Decided to try out a new wax today. Have heard a lot online about this ceramic wax. You simple wash, rinse, apply this, rinse again, then dry. This stuff is amazing. Beads water so well and makes the paint slick after it’s dried. I also installed clear signal lights and yellow LED bulbs behind them as well as black vinyl logos. https://www.meguiars.com/automotive...easy-use-ceramic-wax-protection-g190526-26-oz


----------



## 72chevman (Dec 28, 2018)

where did you get the clear lights? I've been using Meguiars Ultimate products for years and recently starting using finishing with a coat of Shine Armor over the Ultimate. I've seen their ceramic product for sale but haven't heard any reviews yet, so thanks for that


----------



## Thebigzeus (Dec 2, 2018)

72chevman said:


> where did you get the clear lights? I've been using Meguiars Ultimate products for years and recently starting using finishing with a coat of Shine Armor over the Ultimate. I've seen their ceramic product for sale but haven't heard any reviews yet, so thanks for that


Bit pricey, but IMO worth it for the clean look. https://rover.ebay.com/rover/0/0/0?mpre=https://www.ebay.com/ulk/itm/112729427631


----------



## bautistasamuel (Jun 24, 2020)

If you have a black one, you can try Turtle Wax T-3KT. It is a complete black box kit. It is included as a pre-wax cleaner, carnauba wax, spray detailer, and applicator pads. This pre-wax cleaner is very effective to remove scratches and swirl marks. And, the carnauba wax presents a deep and glossy shine and true black color.
If you are searching for special something for your black one, you must check the detail of the wax before choosing another.


----------



## 15CruzeTD (Oct 23, 2019)

bautistasamuel said:


> If you have a black one, you can try Turtle Wax T-3KT. It is a complete black box kit. It is included as a pre-wax cleaner, carnauba wax, spray detailer, and applicator pads. This pre-wax cleaner is very effective to remove scratches and swirl marks. And, the carnauba wax presents a deep and glossy shine and true black color.
> If you are searching for special something for your black one, you must check the detail of the wax before choosing another.

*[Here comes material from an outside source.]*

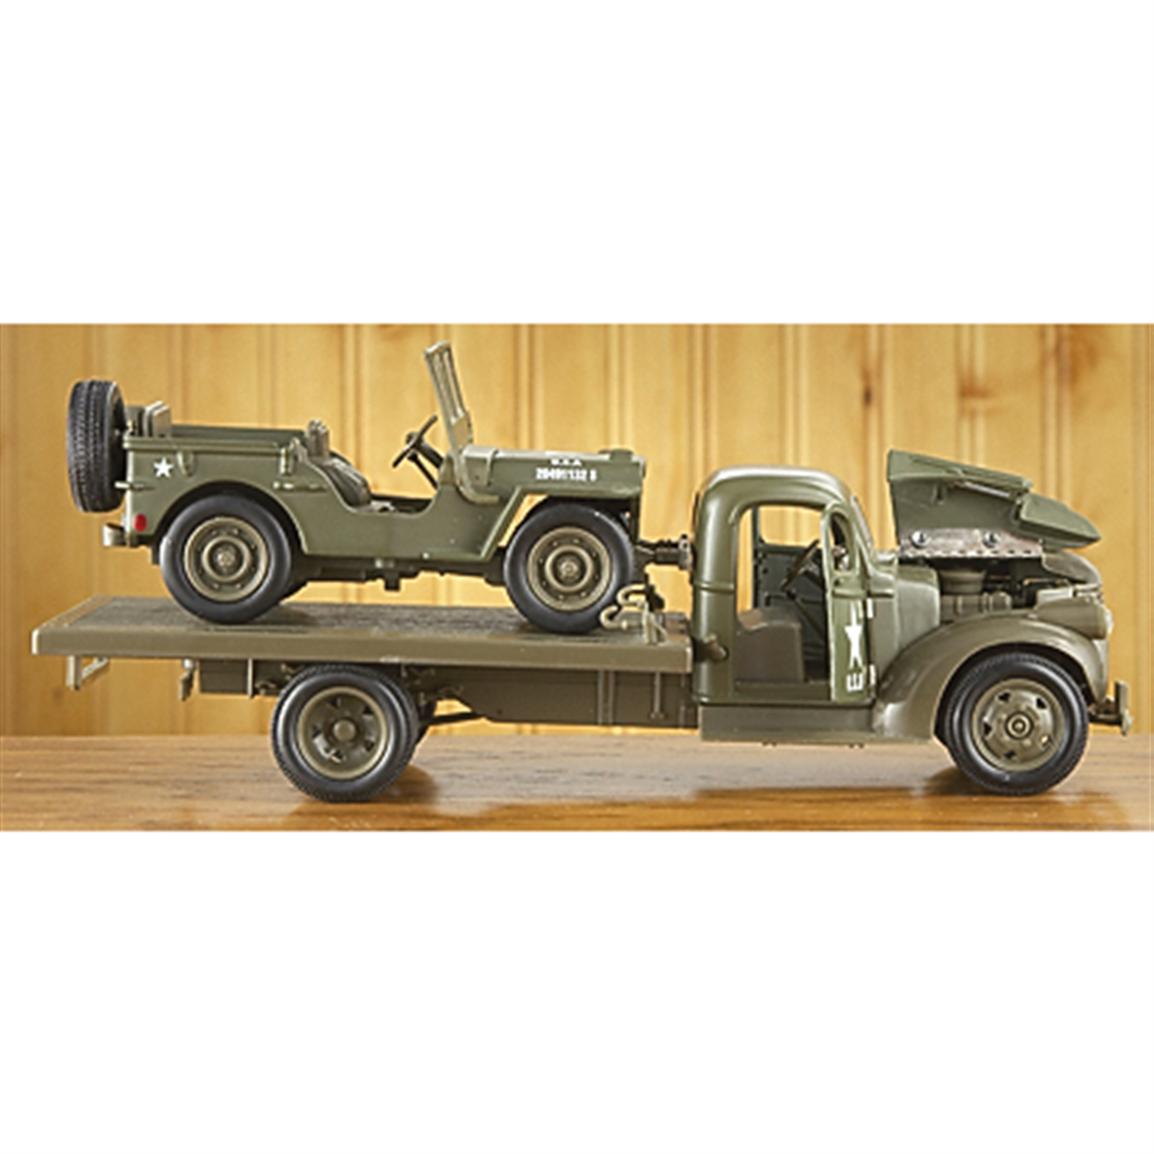 Pearl harbor us army flatbed tow truck and jeep #2

Do you have a black car? If so can you post some pictures of it so we can see it?


----------



## Snipesy (Dec 7, 2015)

My only problem is the dry/wipe process for these waxes... It creates stupid amounts of static charge on the paint.

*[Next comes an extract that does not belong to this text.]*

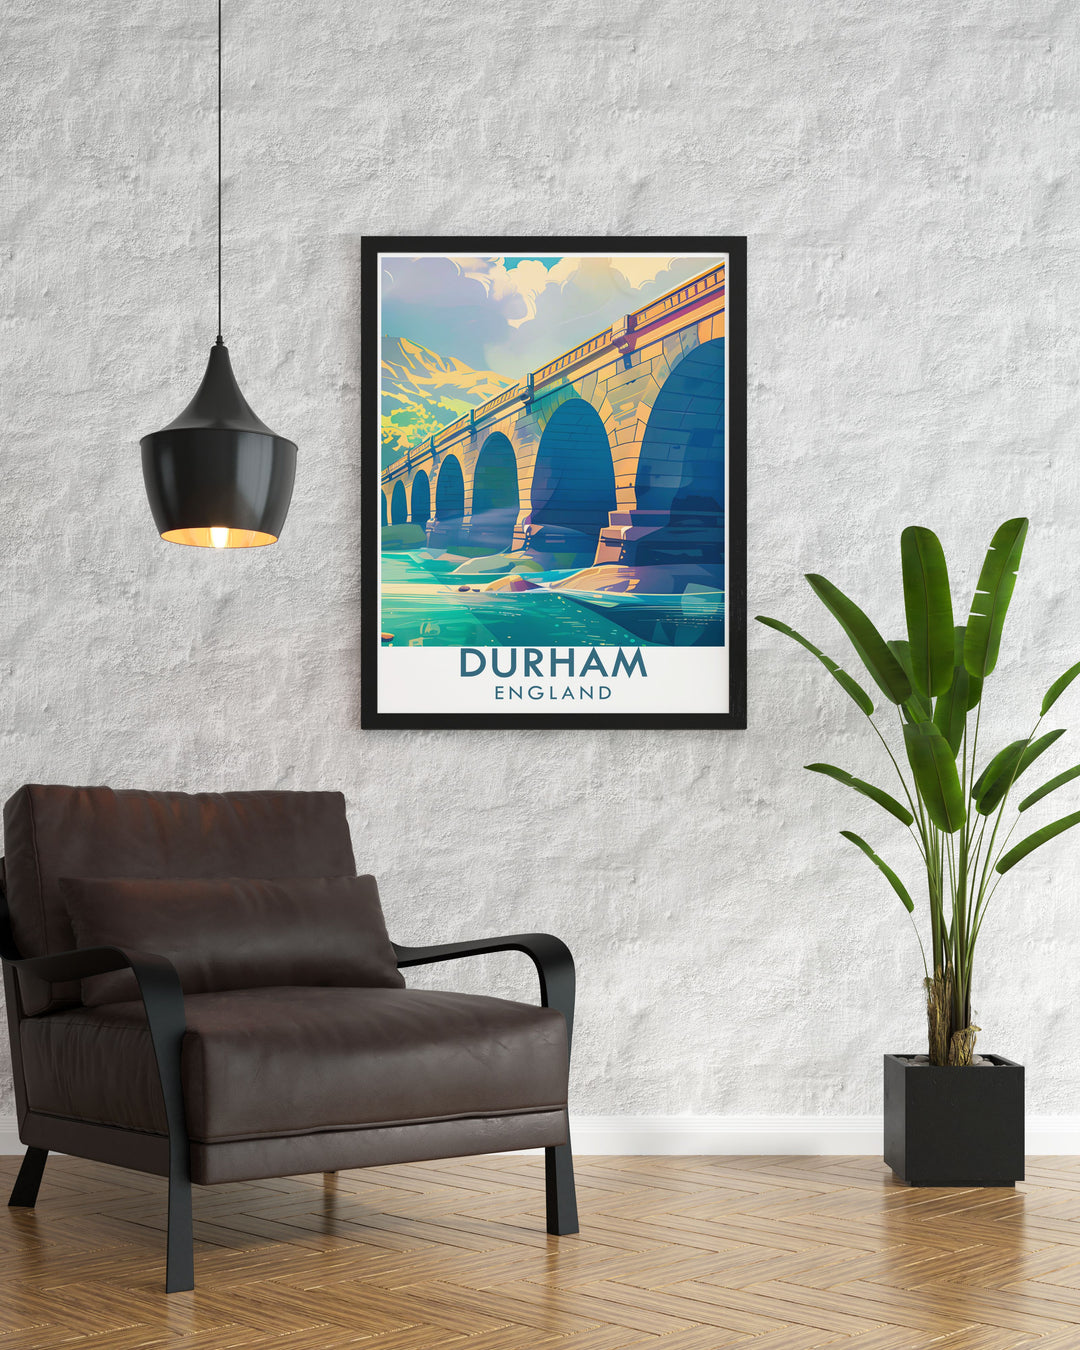 The majestic Prebends Bridge and its scenic river views are beautifully illustrated in this poster, celebrating the historical and natural beauty of Durham.

You can counter it by doing another round with ludicrous amounts of quick detailer or even some drying aid, but that's annoying to do and also removes some of the 'wax' you just put on.


----------



## Jericz (Jul 1, 2020)

Thebigzeus said:


> Decided to try out a new wax today. Have heard a lot online about this ceramic wax. You simple wash, rinse, apply this, rinse again, then dry. This stuff is amazing. Beads water so well and makes the paint slick after it’s dried. I also installed clear signal lights and yellow LED bulbs behind them as well as black vinyl logos. Meguiar's Hybrid Ceramic Wax – Easy to Use Ceramic Wax Protection - G190526, 26 oz | Meguiar's
> 
> 
> View attachment 283407
> View attachment 283408


Reminds me to work on aunt's Civic she requested last week, will just finish the installation of the parts from 4Wheelonline onto the Jeep project. Gonna try Meguiar next as they've been using Mother's.


----------



## Disco89 (Mar 3, 2020)

Turtle wax ceramic and turtle wax spray n shine beat out meguires in almost every comparison I've seen. Lots of them on YouTube by professional detailers. Helped me make the decision between them. 
I chose spray n shine for the lower cost and longer lasting effect, though the Mequires is very close. 
Really makes a difference on my original paint 79 stepside. I've used it once and it beads like the first time after 4 months and 4 washings.


----------



## Diamond193 (Jul 28, 2019)

Disco89 said:


> Turtle wax ceramic and turtle wax spray n shine beat out meguires in almost every comparison I've seen. Lots of them on YouTube by professional detailers. Helped me make the decision between them.
> I chose spray n shine for the lower cost and longer lasting effect, though the Mequires is very close.
> Really makes a difference on my original paint 79 stepside. I've used it once and it beads like the first time after 4 months and 4 washings.


Thanks ill have to try it. Im having problums with birds and eating my paint. I park under trees so I have to check the car everyday to make shur they didnt get me. Im looking to ceramic coat it sometime next year but in the meantime ill try the cheap stuff.


----------



## Histak (Jan 28, 2018)

Mother, Meguiars, and Turtle Wax are all fine scratch remover brand. All perfectly works.


----------